LGMar 8, 2023Code
Vector Quantized Time Series Generation with a Bidirectional Prior ModelDaesoo Lee, Sara Malacarne, Erlend Aune
Time series generation (TSG) studies have mainly focused on the use of Generative Adversarial Networks (GANs) combined with recurrent neural network (RNN) variants. However, the fundamental limitations and challenges of training GANs still remain. In addition, the RNN-family typically has difficulties with temporal consistency between distant timesteps. Motivated by the successes in the image generation (IMG) domain, we propose TimeVQVAE, the first work, to our knowledge, that uses vector quantization (VQ) techniques to address the TSG problem. Moreover, the priors of the discrete latent spaces are learned with bidirectional transformer models that can better capture global temporal consistency.
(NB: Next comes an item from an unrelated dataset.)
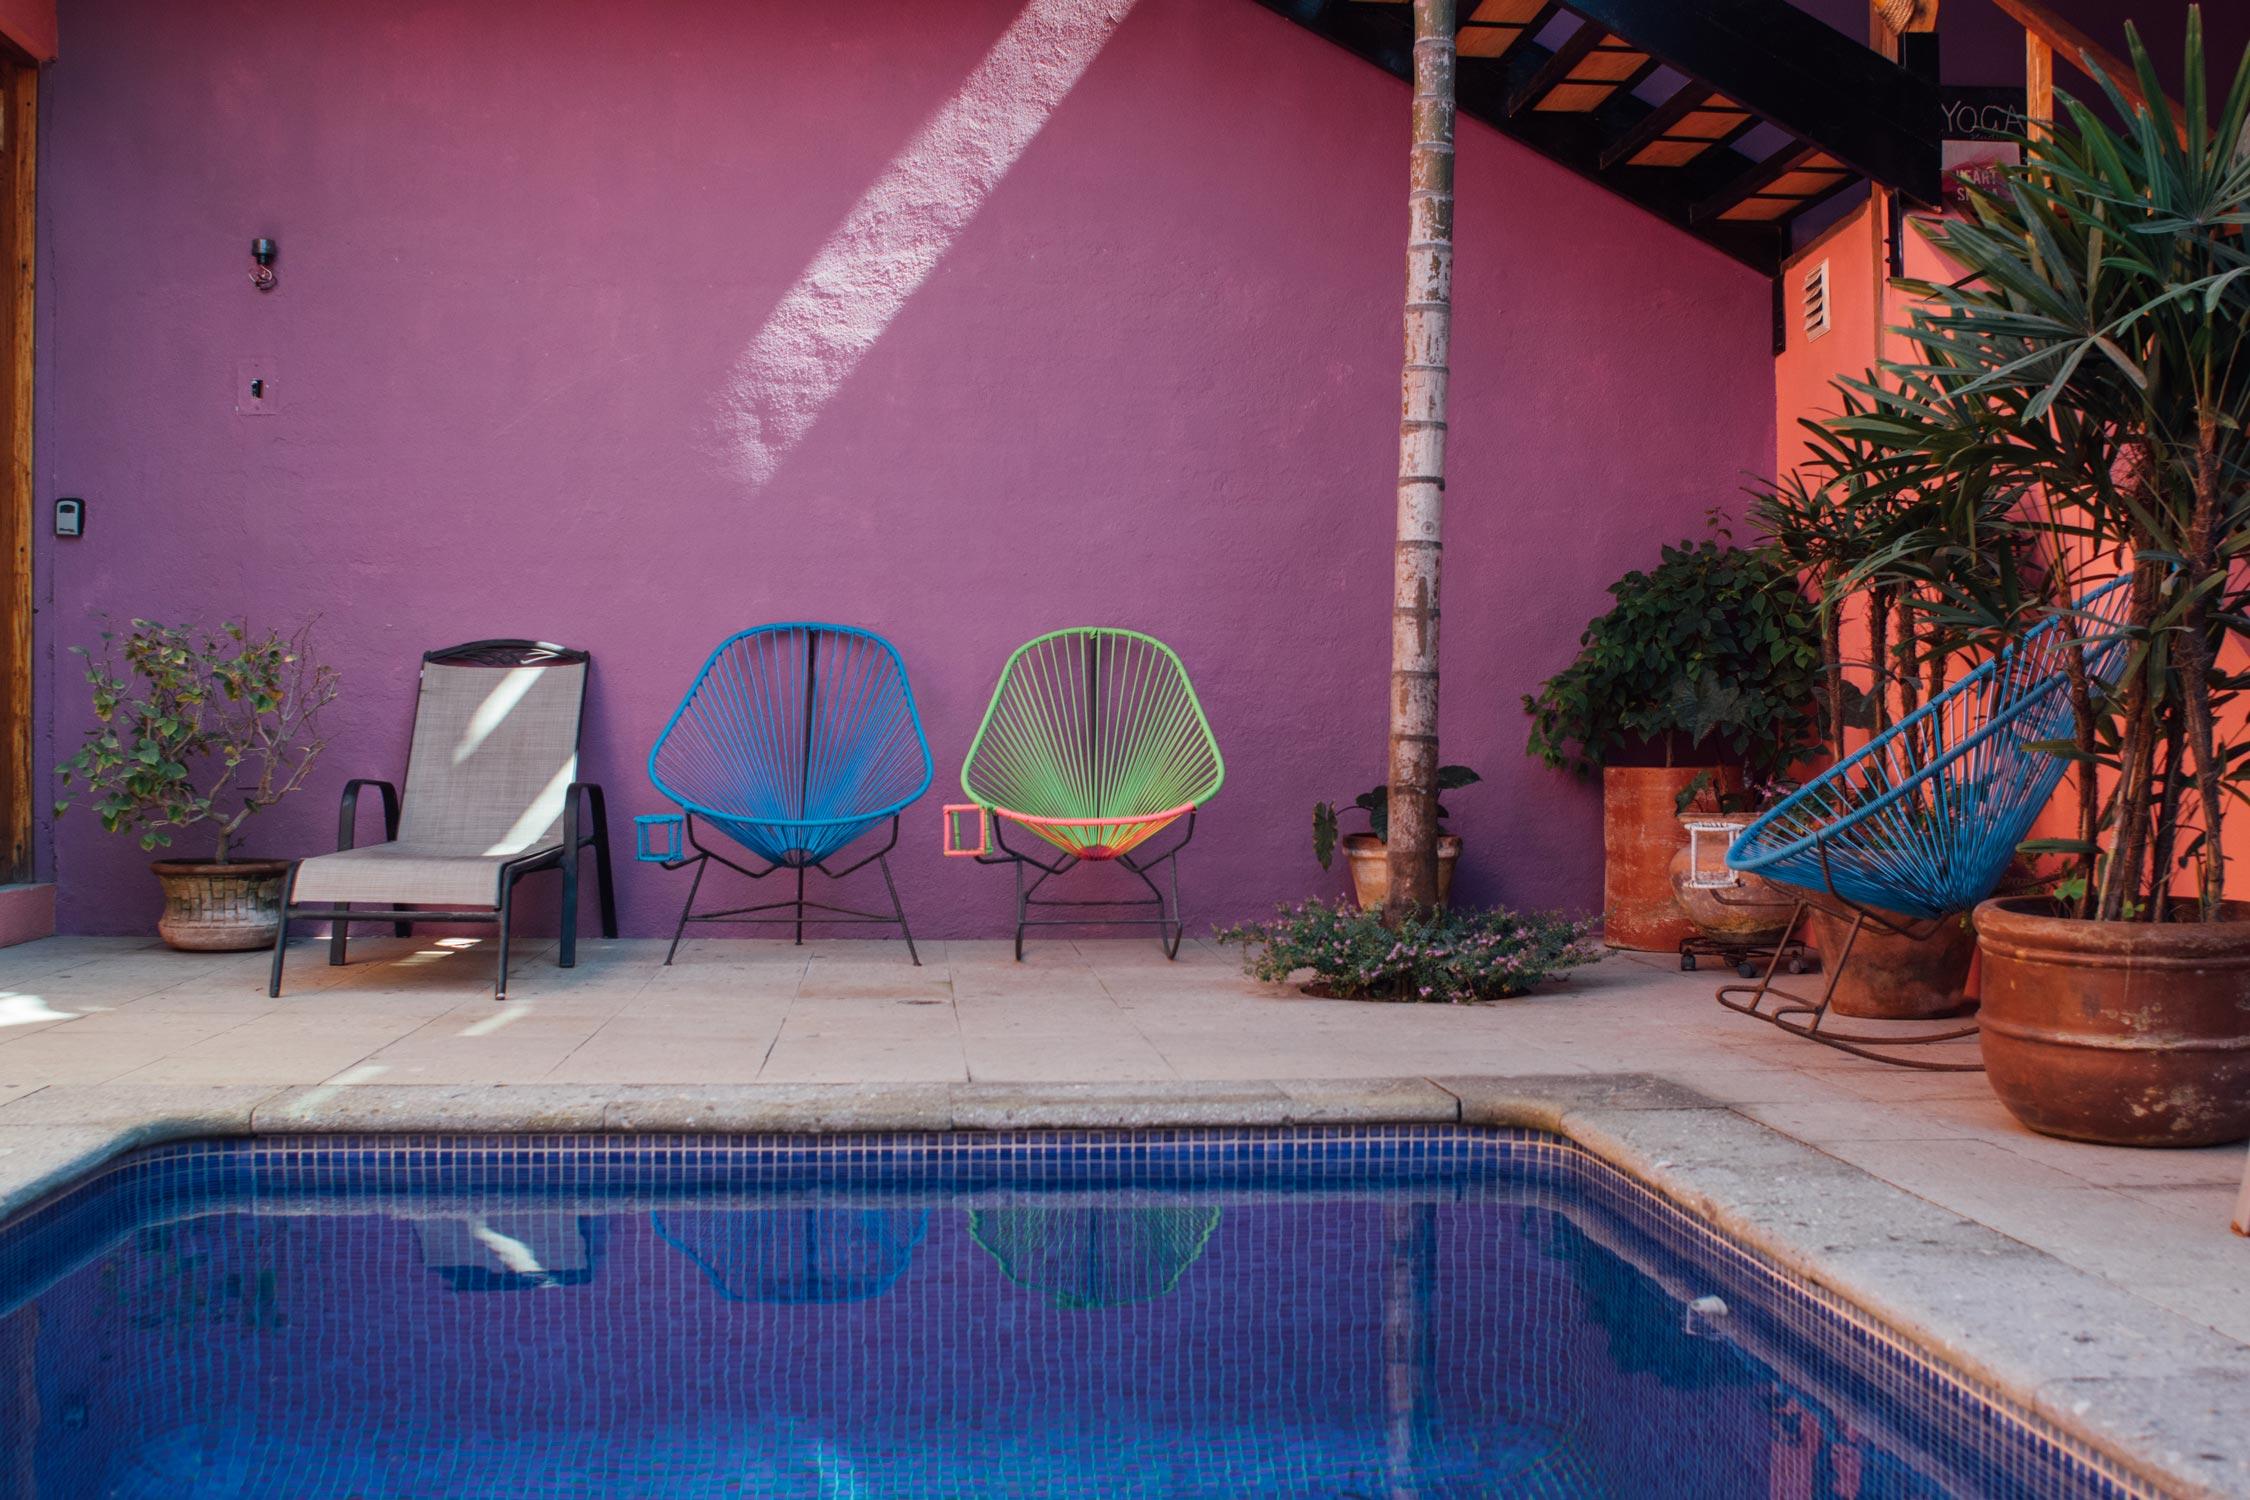 pool-and-chairs.jpg
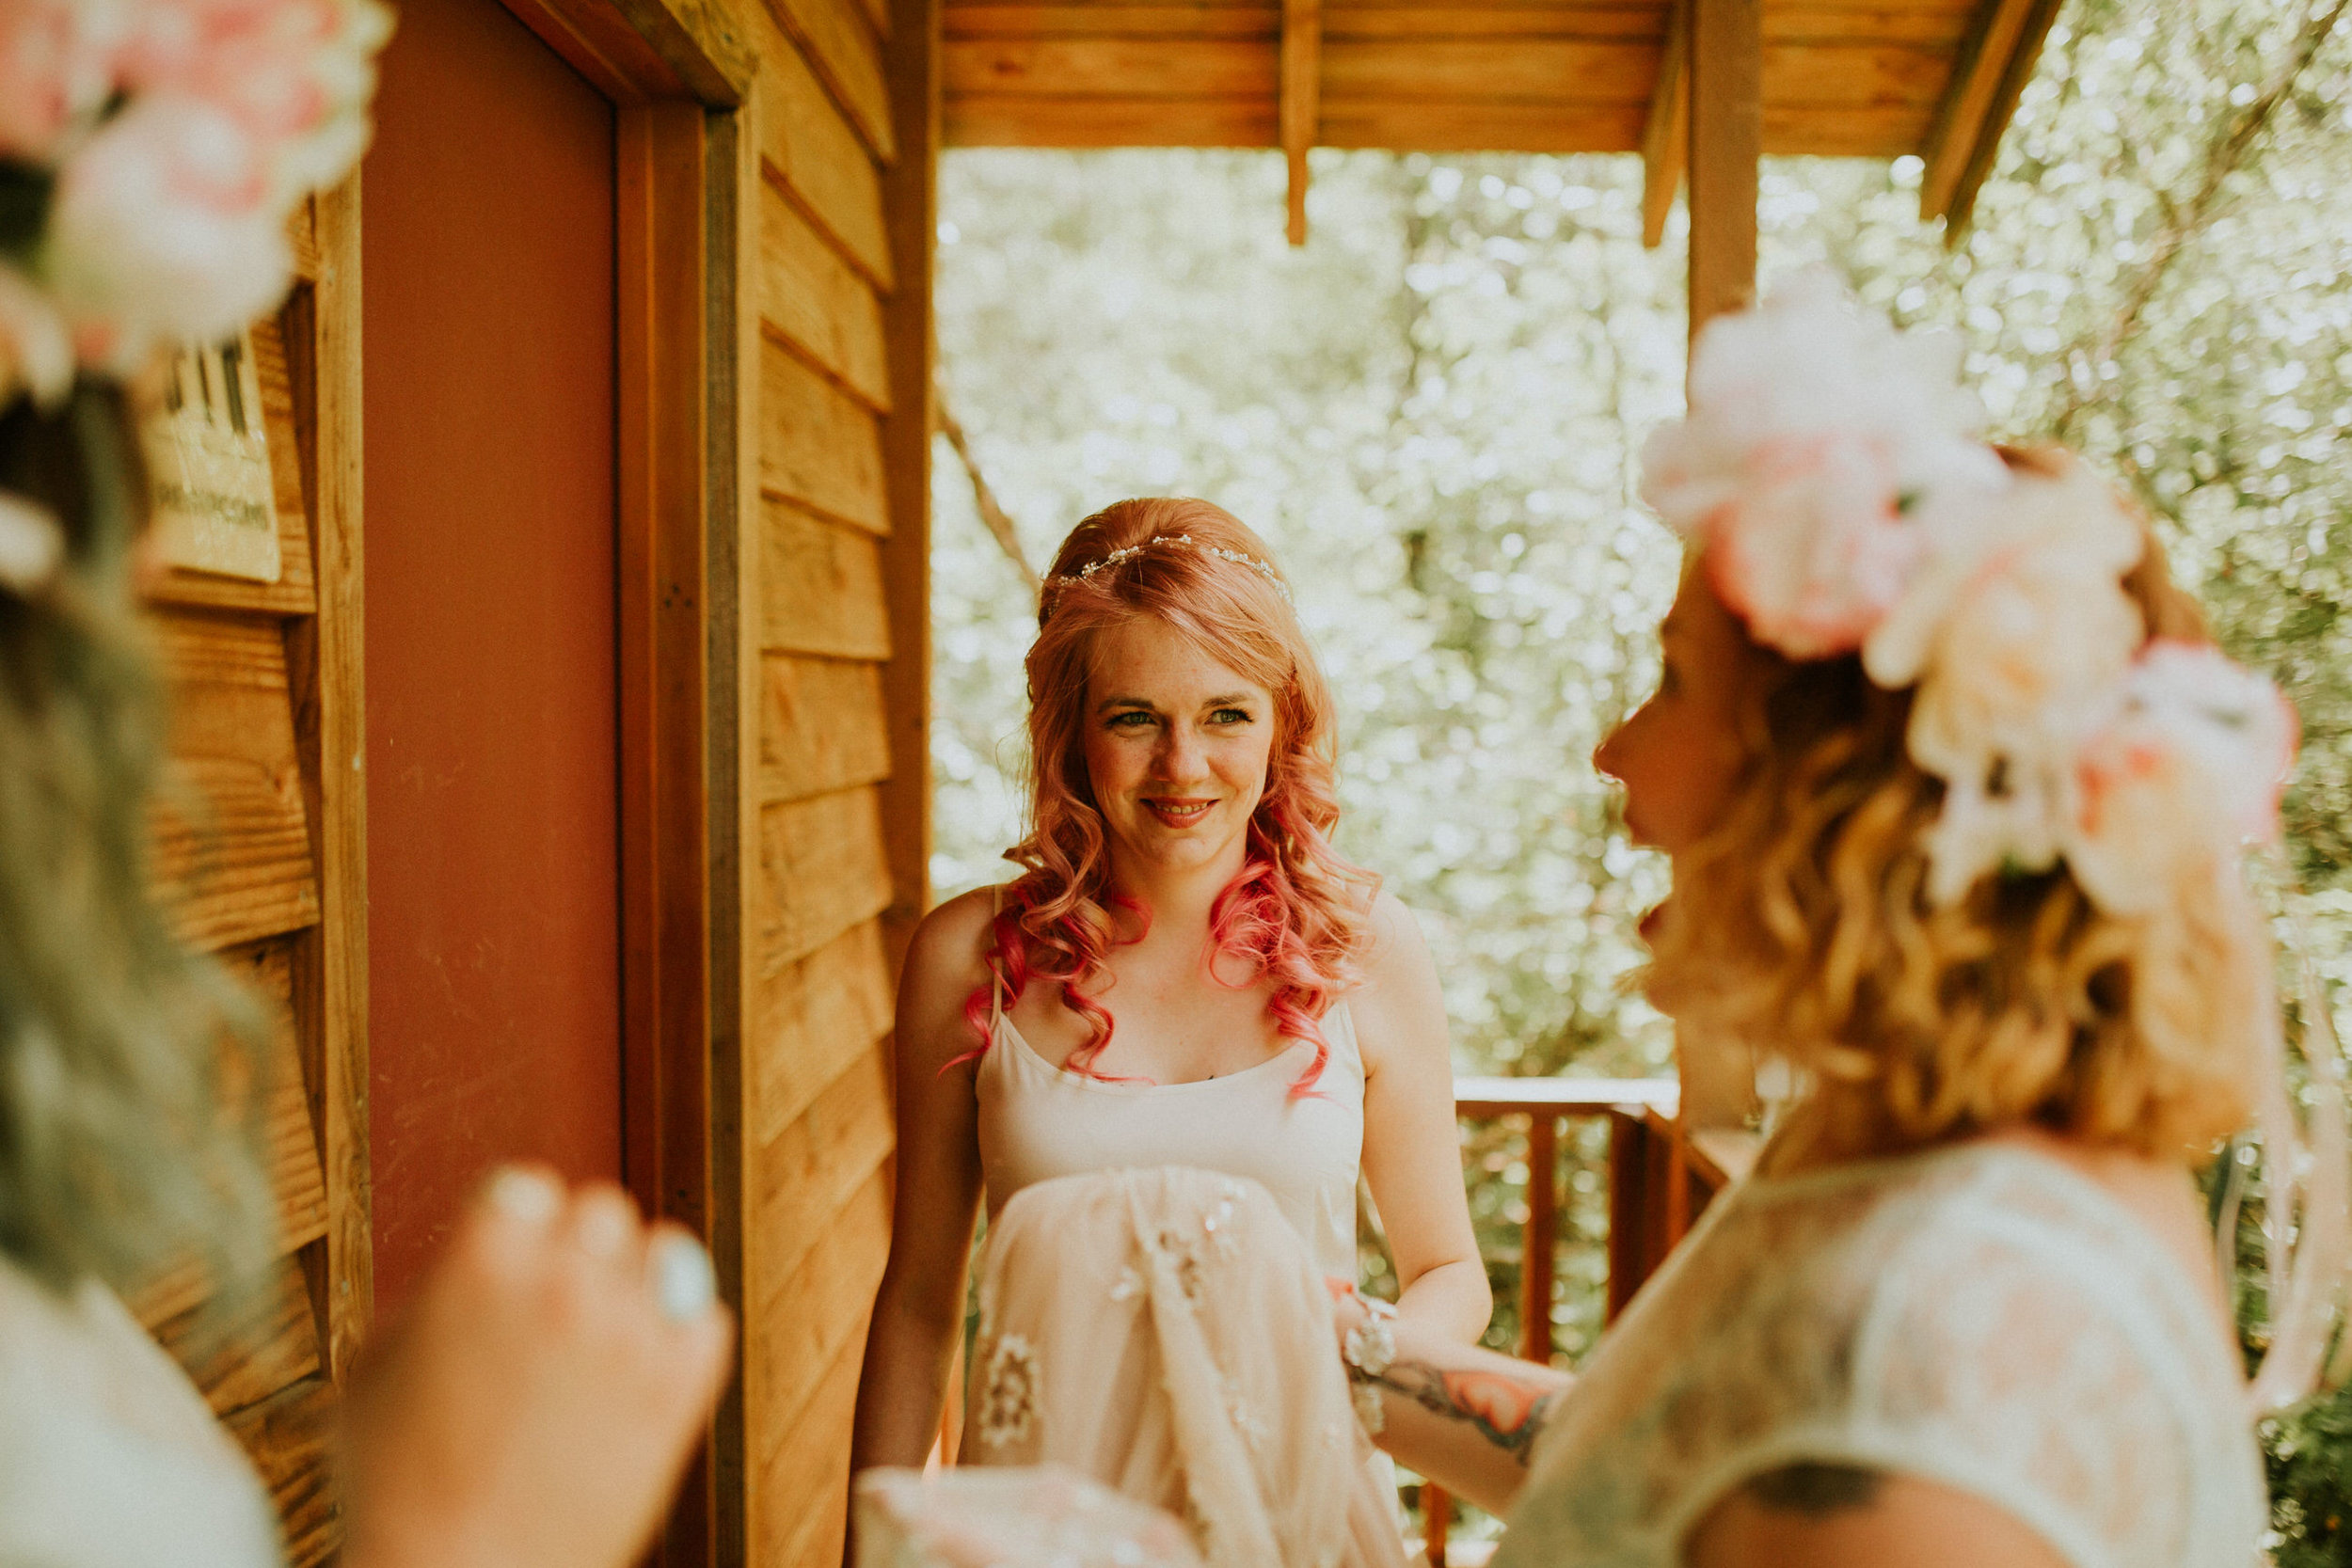 PNW elopement photographer breeanna lasher intimate forest wedding

We also propose VQ modeling in a time-frequency domain, separated into low-frequency (LF) and high-frequency (HF). This allows us to retain important characteristics of the time series and, in turn, generate new synthetic signals that are of better quality, with sharper changes in modularity, than its competing TSG methods. Our experimental evaluation is conducted on all datasets from the UCR archive, using well-established metrics in the IMG literature, such as Fréchet inception distance and inception scores. Our implementation on GitHub: \url{https://github.com/ML4ITS/TimeVQVAE}.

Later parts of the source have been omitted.